Intervention de Yannick Bodin

Réunion du 5 décembre 2007 à 9h30
Loi de finances pour 2008 — Enseignement scolaire

Photo de Yannick BodinYannick Bodin :

Le Gouvernement invoque la liberté de choix des parents, le mérite, la volonté de l'enfant.

Cependant, faut-il rappeler l'évidence ? La liberté de choix produit bel et bien de l'inégalité. Que se passe-t-il ? Les enfants des familles informées, initiées, et quelques bons élèves boursiers vont rejoindre les établissements « de bonne réputation ». Quand les demandes seront trop nombreuses, ce sera la sélection, et, dans la plupart des cas, l'affectation, j'allais dire le retour, dans le lycée de la zone d'origine.

En fait, la coupure sociale se trouvera accentuée : d'un côté regroupement des meilleurs, de l'autre, ghettoïsation achevée des plus défavorisés.

Ce qu'il faut, monsieur le ministre, si vous voulez revenir sur la carte scolaire - cela peut être utile - c'est, au contraire, plus de mixité sociale. Il s'agit aussi d'accroître le nombre de personnels d'encadrement dans les collèges « ambition réussite ». Il n'y a pas d'autre méthode que l'accompagnement individualisé, personnalisé. Il faut donc un nombre plus important d'adultes auprès de ces élèves.

À côté de ce faux « libre choix », qui va concentrer tous les problèmes dans certains établissements sous pression, pour ne pas dire sous haute tension - sans parler du moral des professeurs affectés sur place - vous avez décidé, monsieur le ministre, de supprimer, purement et simplement, 11 200 emplois dans l'éducation nationale pour la seule année 2008.

Je dois pourtant rappeler que, dans aucun pays d'Europe, le nombre moyen d'élèves en classe de mathématique, à l'âge de quinze ans, n'est aussi élevé qu'en France. Il y est de vingt-sept élèves, alors que la moyenne des autres pays se situe entre vingt-quatre, au maximum, et dix-huit, au minimum.

Faut-il rapprocher ces chiffres de ceux qui viennent d'être révélés par la dernière enquête PISA - programme international pour le suivi des acquis des élèves - qui, même s'ils doivent être pris avec toutes les précautions de rigueur en cas d'enquêtes internationales, laissent cependant apparaître un nouveau recul du niveau de nos élèves ? Il y aurait ainsi une année de retard, notamment en sciences, entre les jeunes Finlandais et les jeunes Français.

Comment imaginer, face à de telles comparaisons, des suppressions supplémentaires de postes ? Ce choix politique est lourd de conséquences, et montre une fois de plus que la réduction des inégalités sociales ne pourra pas se faire à l'école.

De plus, la baisse de 16, 4 % des crédits d'action sociale compris dans le programme 230 « Vie de l'élève » est à ce titre inadmissible.

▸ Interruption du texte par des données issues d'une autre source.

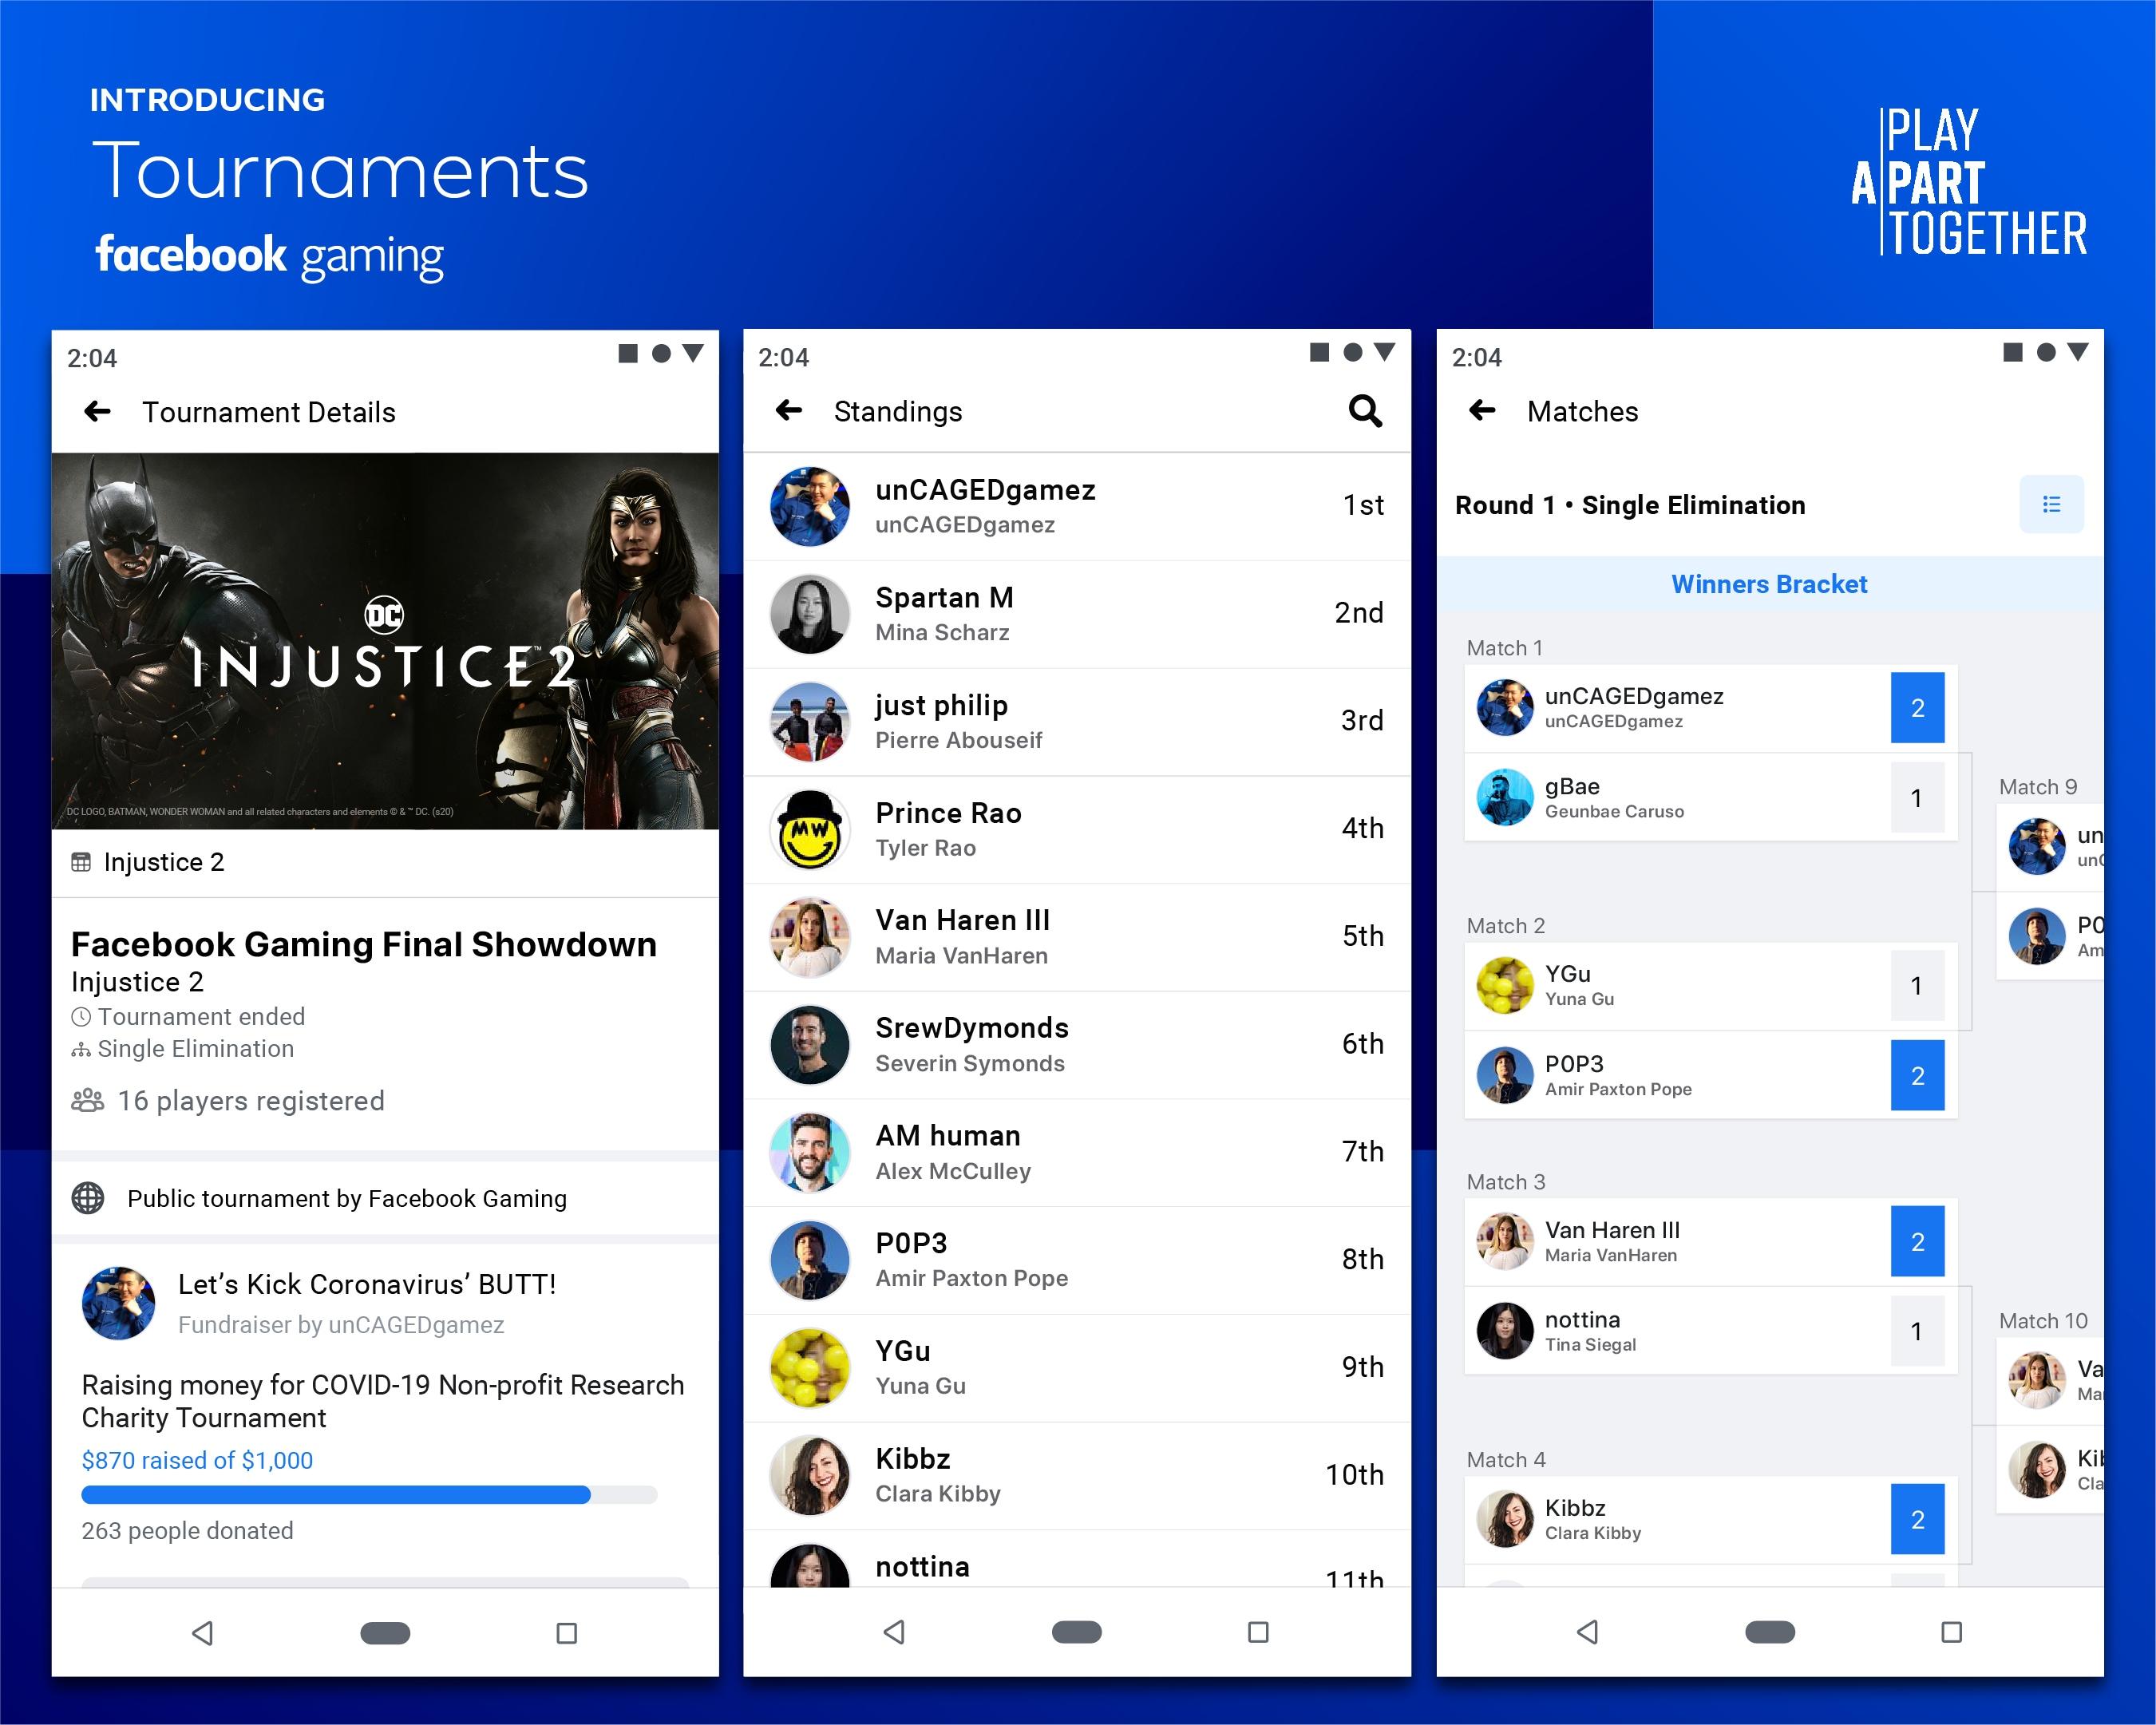 FB Gaming Tournaments_Mobile

De même, dans les crédits d'intervention, en 2008, les crédits destinés aux associations ne retrouvent même pas leur niveau de 2006.

Je passe à un autre sujet. Il est nécessaire, s'agissant de la généralisation de l'accompagnement éducatif entre seize heures et dix-huit heures, que des mesures soient mises en oeuvre pour accompagner les élèves qui en ont le plus besoin.

Vous décidez, monsieur le ministre, de vous en remettre au volontariat. Nous constatons, pour le moment du moins, que ne sont volontaires - ou ne sont d'abord volontaires - que les élèves qui ont le moins besoin de soutien. Il faut un encadrement et un tutorat forts pour les élèves qui en ont le plus besoin.

S'il est bon que cette mesure soit généralisée dans les collèges, il convient toutefois qu'elle le soit d'abord pour tous les élèves en difficulté. Cela exige de votre part un renforcement de l'encadrement, une présence plus importante et plus nombreuse des adultes, avant tout pour éviter que ces heures ne soient perçues par un certain nombre d'élèves comme des heures de punition ou des heures de colle. Il faudra bien accompagner ces élèves et leur expliquer.

Ce n'est donc vraiment pas le moment de supprimer des postes au budget de l'éducation nationale.

On ne peut qu'approuver le principe d'un dispositif qui fait de l'école son propre recours, au grand dam - c'est tant mieux ! - des officines de cours privés.